It would contribute a lot more to the conversation to back up your comment, like why you think it is hideious, and what, if anything, would make you like it less less?
The design looks like an attempt to mimic Chicago’s Marina City, but it’s not very successful. They’ve added wavy balconies to a box. Marina City starts with a cylinder and the waves are symmetrical.
It’s not terrible, but it’s not fantastic either.
Debate will inevitably focus on height. I think the developer should count themselves lucky to have zoning for 22 floors and leave it at that.
Uncool to reply to your own post but it’s just been pointed out to me that the design is based on Aqua Towers, not Marina City, in which case the imitation is even less flattering. The Acqua towers are a topographical design, with the balconies designed to resemble a contour map and exposed area of glass to resemble bodies of water. I never would have seen that in this design. It’s a very pale homage.
(The only worse homage in Ottawa has to be the Modrian. You need more than a few red squares to pretend to reflect De Stijl.)
FYI: If you want to check lot sizes, go to
http://apps104.ottawa.ca/emap/
(you’ll probably have to install an autodesk plugin)
On the left, you can search by address and then either get a report that tells you the lot size, garbage pickup day and the city councillor (I find that to be such a strange mishmash of info!) or zoom to the location on the map.

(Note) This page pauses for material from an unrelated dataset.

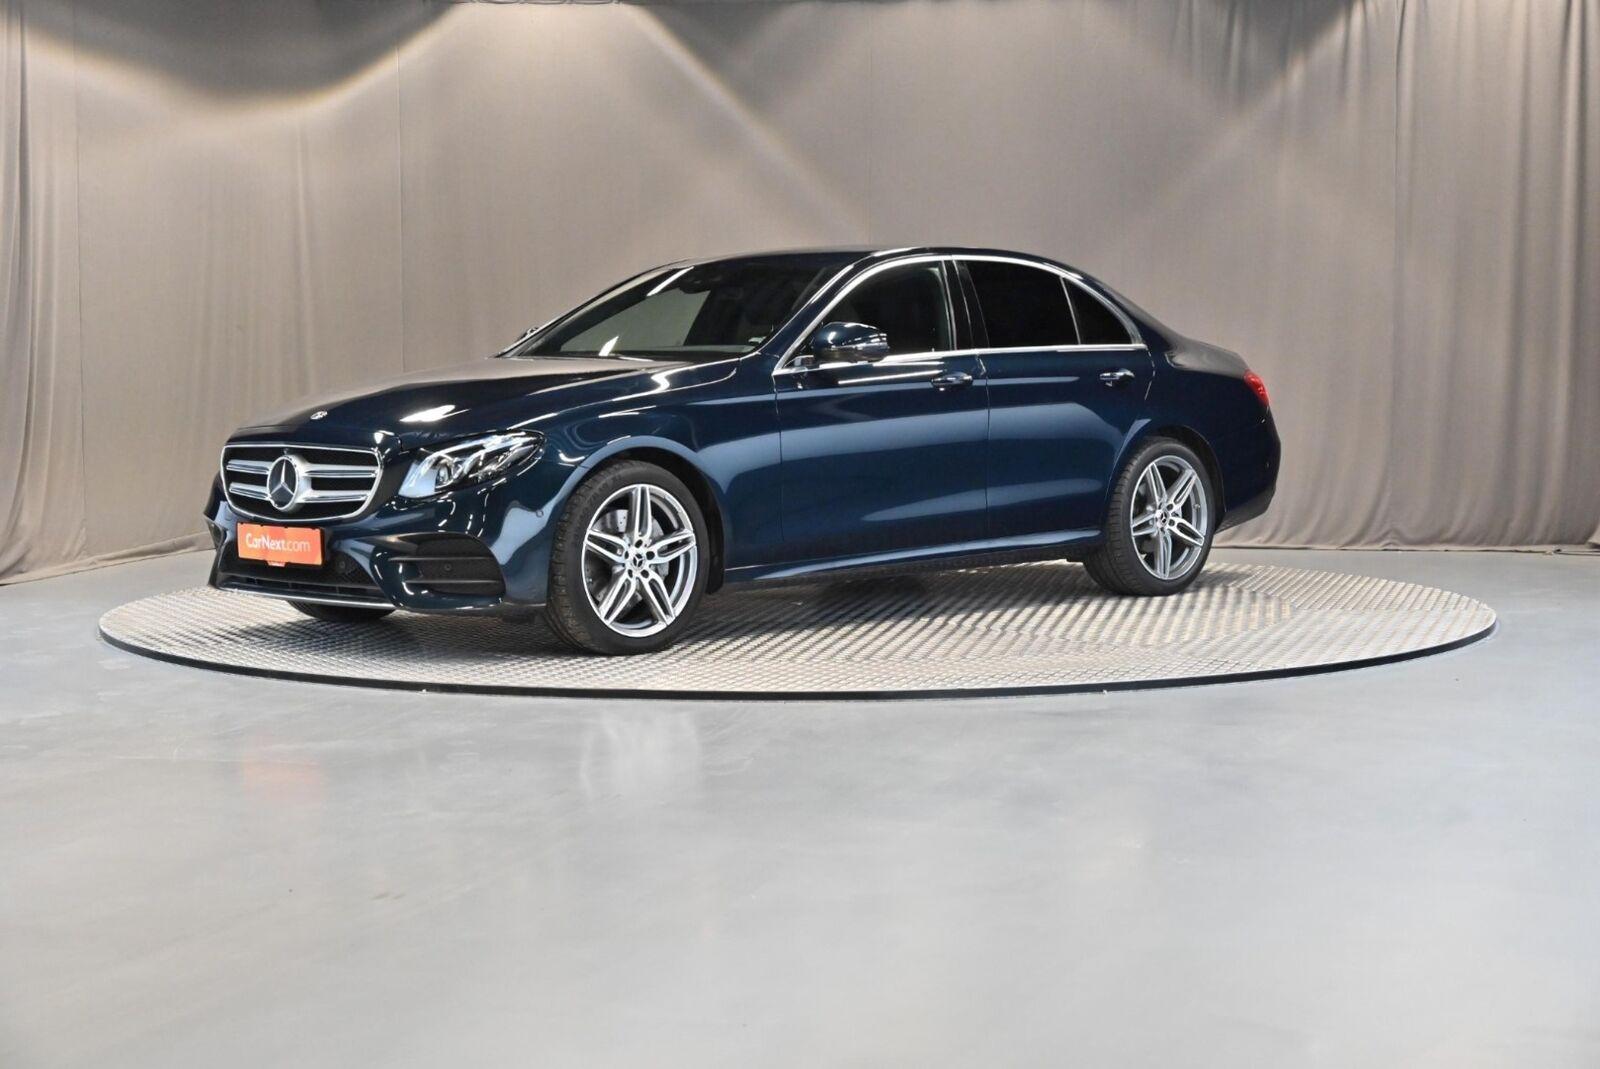 Mercedes E220 d 2,0 AMG Line aut. 4d - 439.900 kr.

Assuming this is 490 Preston, the lot is 100′ x 100′
I applaud the developer and architect for thinking out of the box, and adding such an iconic figure to the ottawa skyline.

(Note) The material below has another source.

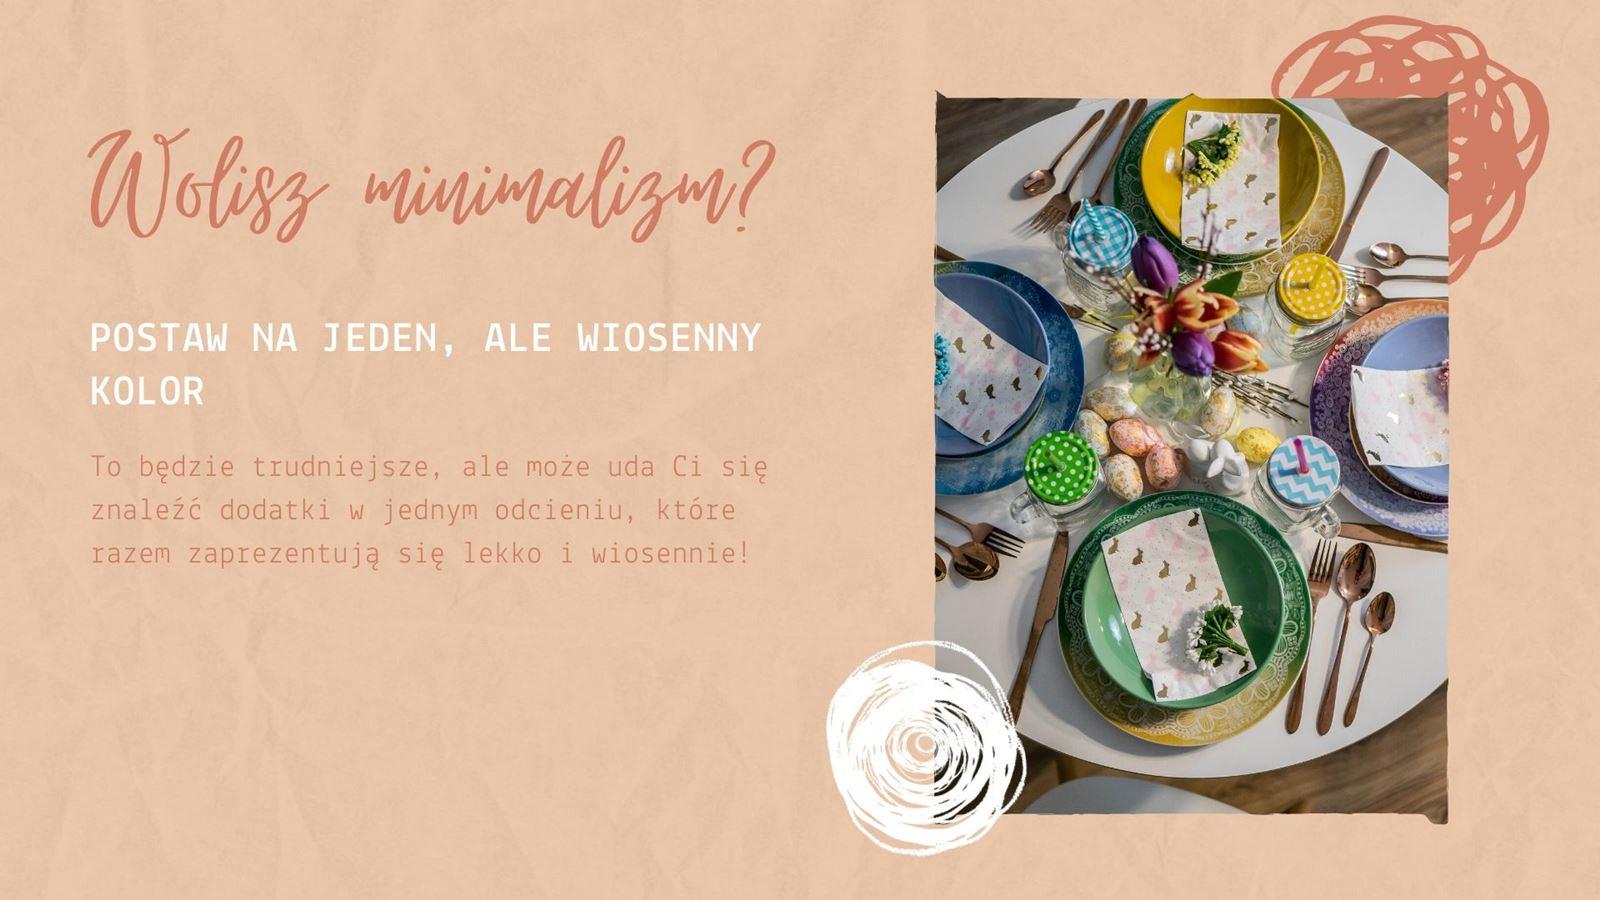 13 kolorowe wiosenne talerze pomysły na kolorowe dodatki pastelowe talerze słoiki miski szklanki kubki do kuchni dla dzieci dla dziewczyny prezent na wiosnę wielkanoc zajączek

May your fight be strong and willful against the NIMBYists, as you have my support for developing this building.
It only makes sense to make high densification areas next to a subway line(if you can it that), to promote users from using public transit, and with the influx of people who would move into the building, it would be a plus for local businesses all around.
Time to densify Ottawa’s urban centre boundaries, and this is one step to it!
I support your cause!
Thanks,
Joe Cannes
The biggest problem is that the streetfront is not to street scale. This seems like something right out of North York.
If the streetfront was instead three or four stories, to blend in with existing structures, it would be a much better build, with 22 stories or 32 stories becoming less of an issue).
Whoa, Ive never seen all these pictures. To me it looks really cool to be honest. http://sohoitaliablog.com has some other stuff
One thing to keep in mind, though, Tommy, is that most, if not all of these photos are from far away and/or overhead. It is a rather overwhelming big block (the 7-storey parkade/podium, that is–not counting the 35 storeys above it) when you’re standing on the sidewalk right next to it. It’s in the middle of a neighbourhood of Traditional Mainstreet buildings that are around two storeys tall.
So even if the building architecture is nice (clearly a subject of dispute and of opinion) it’s questionable whether it is suitable for this area or if it would fit in better somewhere else.
When the site was last rezoned fifteen or so years ago, the 20-storey tower proposed had a floorplate of only a fraction the size of the site, with a low podium that allowed ground-level uses. This building is not set back at all, and extends all the way to the lot lines, which will render adjacent lots undevelopable because they need to have a minimum distance to existing developments. If you do want to have tall towers like this at the south end of Preston, they should be developed in the context of a community design plan that sets out the sightlines, so that you don’t have the second one built blocking the view of the first one, so that you don’t have the wind shear effect, and so that you don’t end up with an odd lot that can’t be developed because the neighbouring buildings were built too close to the lot line.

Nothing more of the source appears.